Well to start with we left Southampton about the 29th June and got to Malta in about 10 day’s time, we had the most glorious weather imaginable and frightfully hot with the sea like a mill pond the whole way. We passed Gibraltar early one morning and all got up to have a look at it, though it was a good way off the Rock looked magnificent in the early morning sun. We passed closer to the Moroccan side which looked very fine indeed.

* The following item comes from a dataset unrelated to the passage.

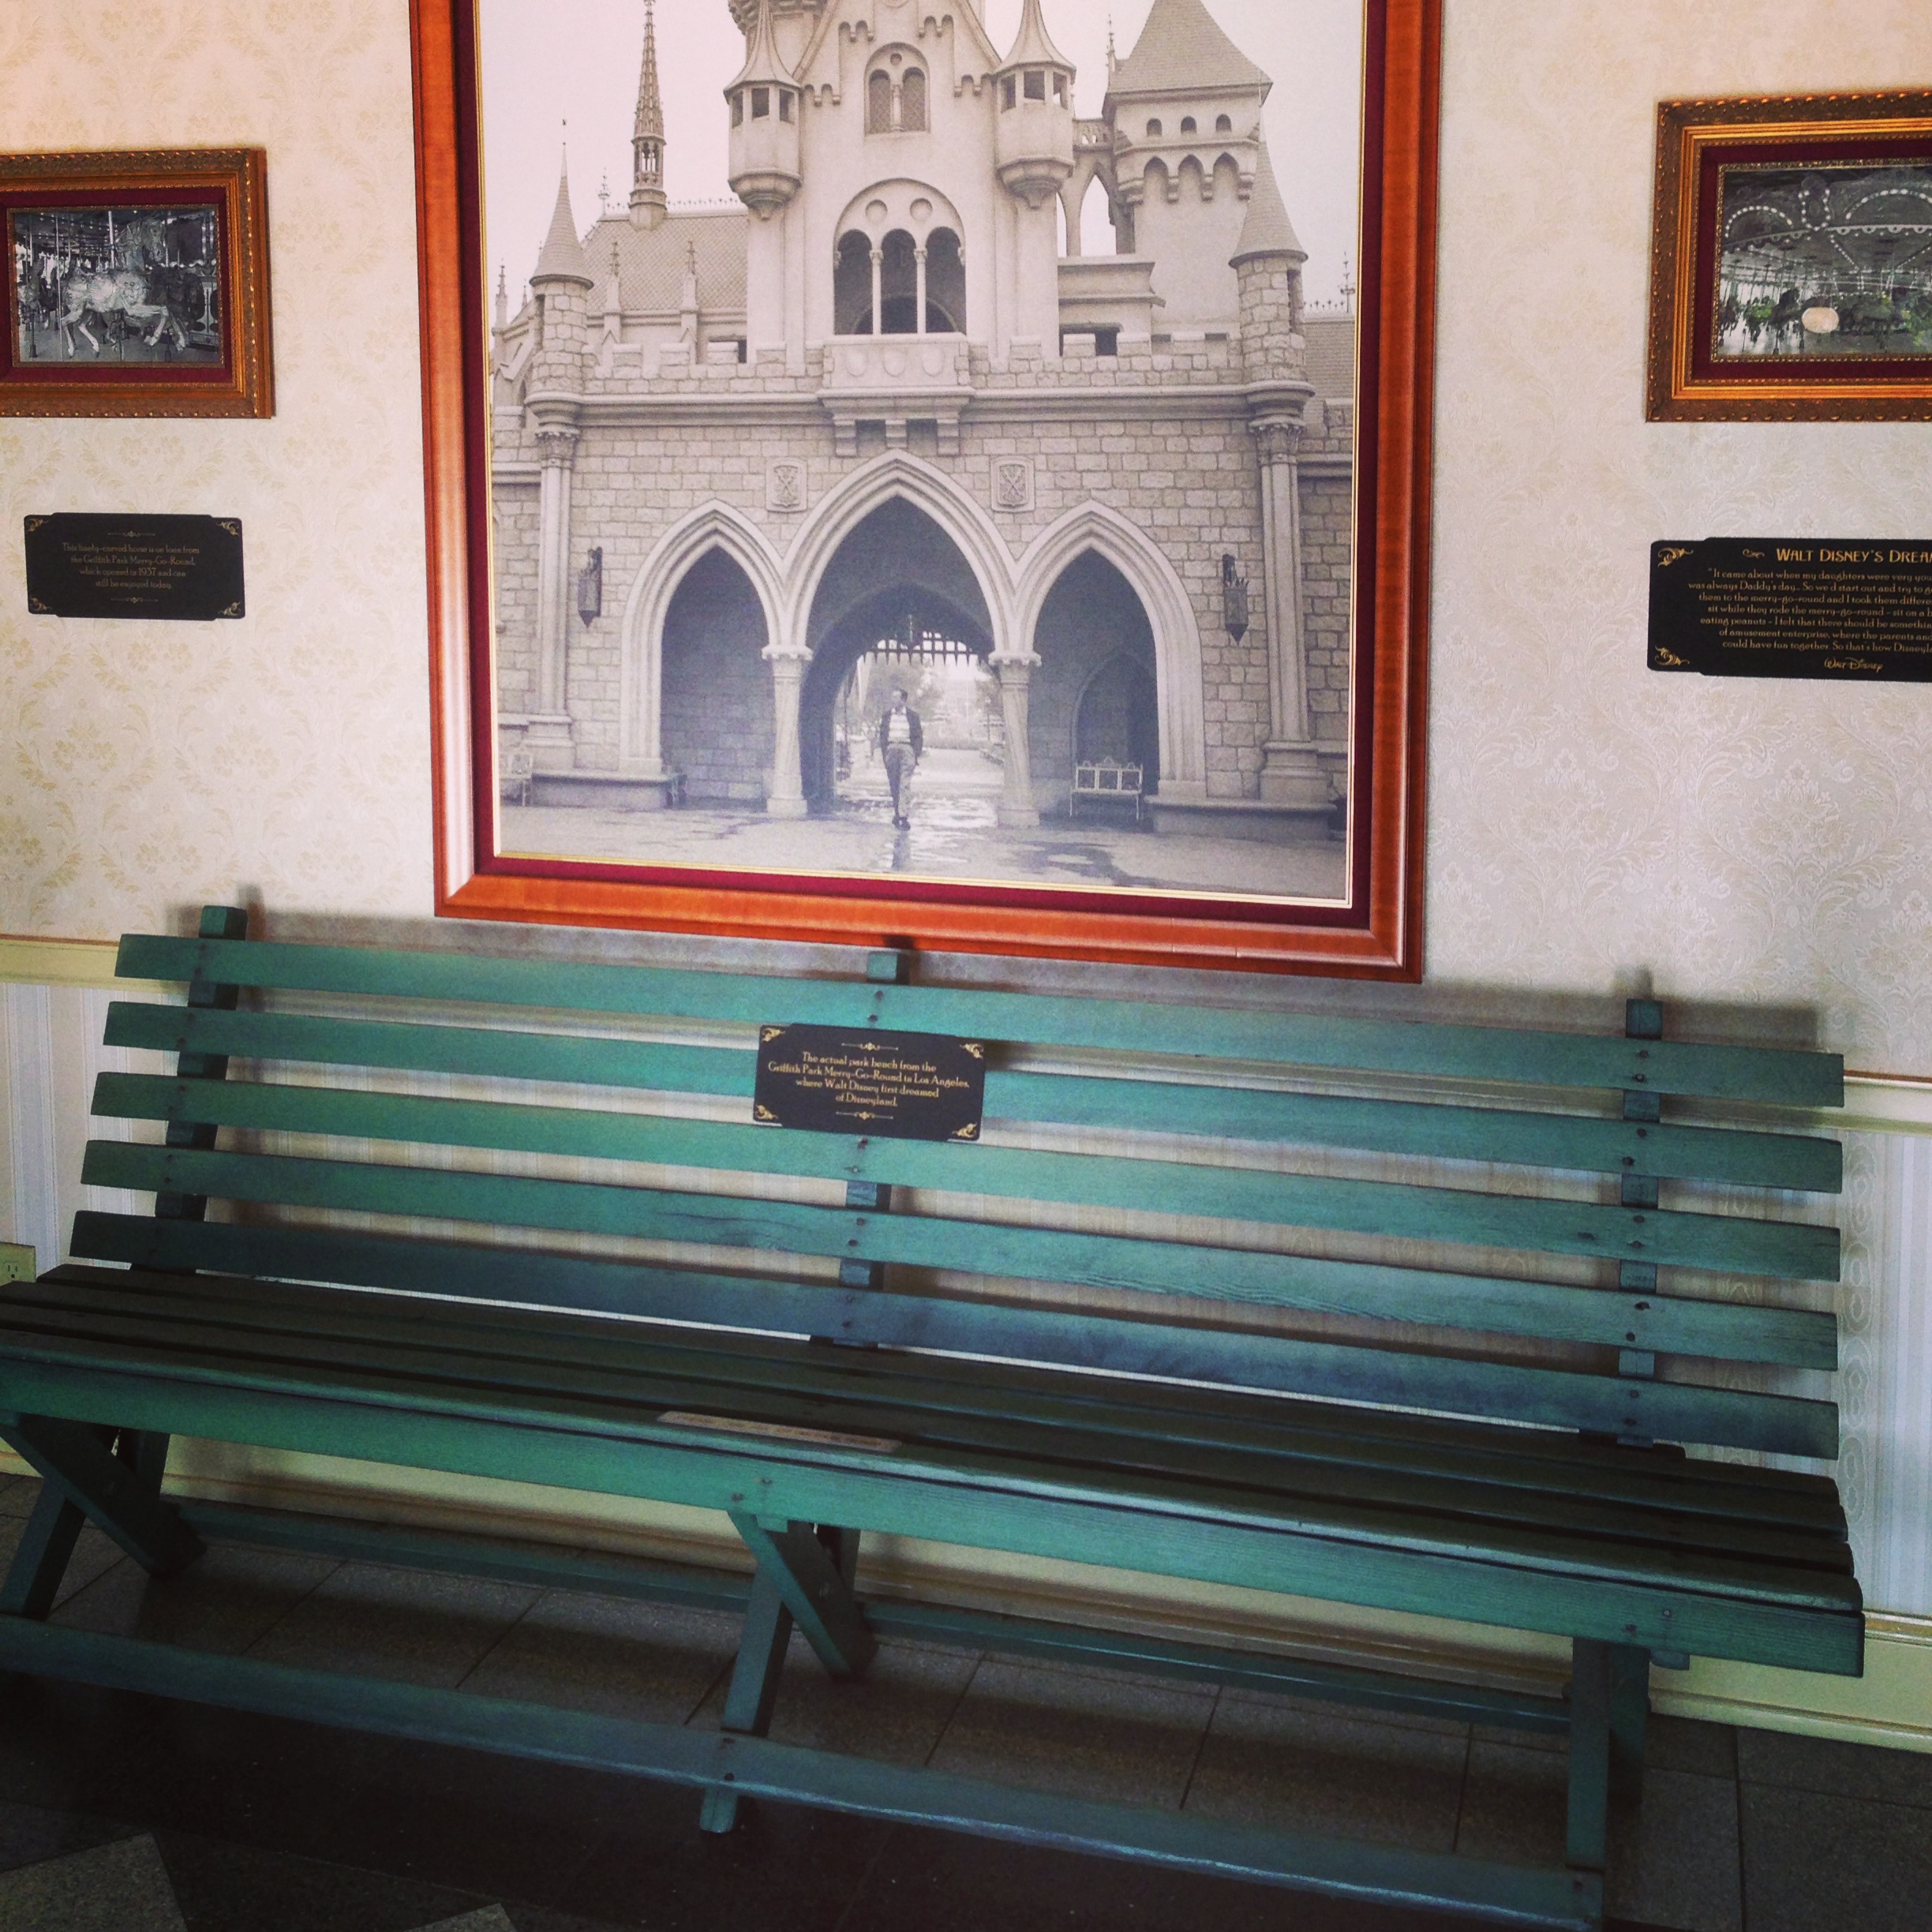 A teal bench sits in front of a picture of the Disney castle.

The next land we saw was the glorious Sierra Nevada and afterwards the north coast of Algeria. We passed a very interesting island called Dansellaria [probably Pantelleria] off the coast of Tunis and belonging to Italy; It is all most wonderfully terraced for wine growing and looks very fertile. Well we arrived at Malta early in the morning and all got up to look at it; I never was so surprised to find it such a barren place and the weird way the houses are built there are most extraordinary. We were not allowed ashore as we were told that we were leaving in an hour but of course we ended by staying till 2pm when we left for the Dardanelles. During the morning the Maltese came alongside the ship in boats and sold all sorts of things, Maltese lace etc which we got very cheaply after beating them down. We lowered baskets over the side of the ship with the money in and hauled up the things. We had a lovely trip up to the Dardanelles passing quite close to Cape Matapan on the south side of Greece but didn’t see much of the Greek islands as it was dark when we passed them. We did not go straight up to the Dardanelles but anchored in a bay of an island about 50 miles away and stayed there 4 days.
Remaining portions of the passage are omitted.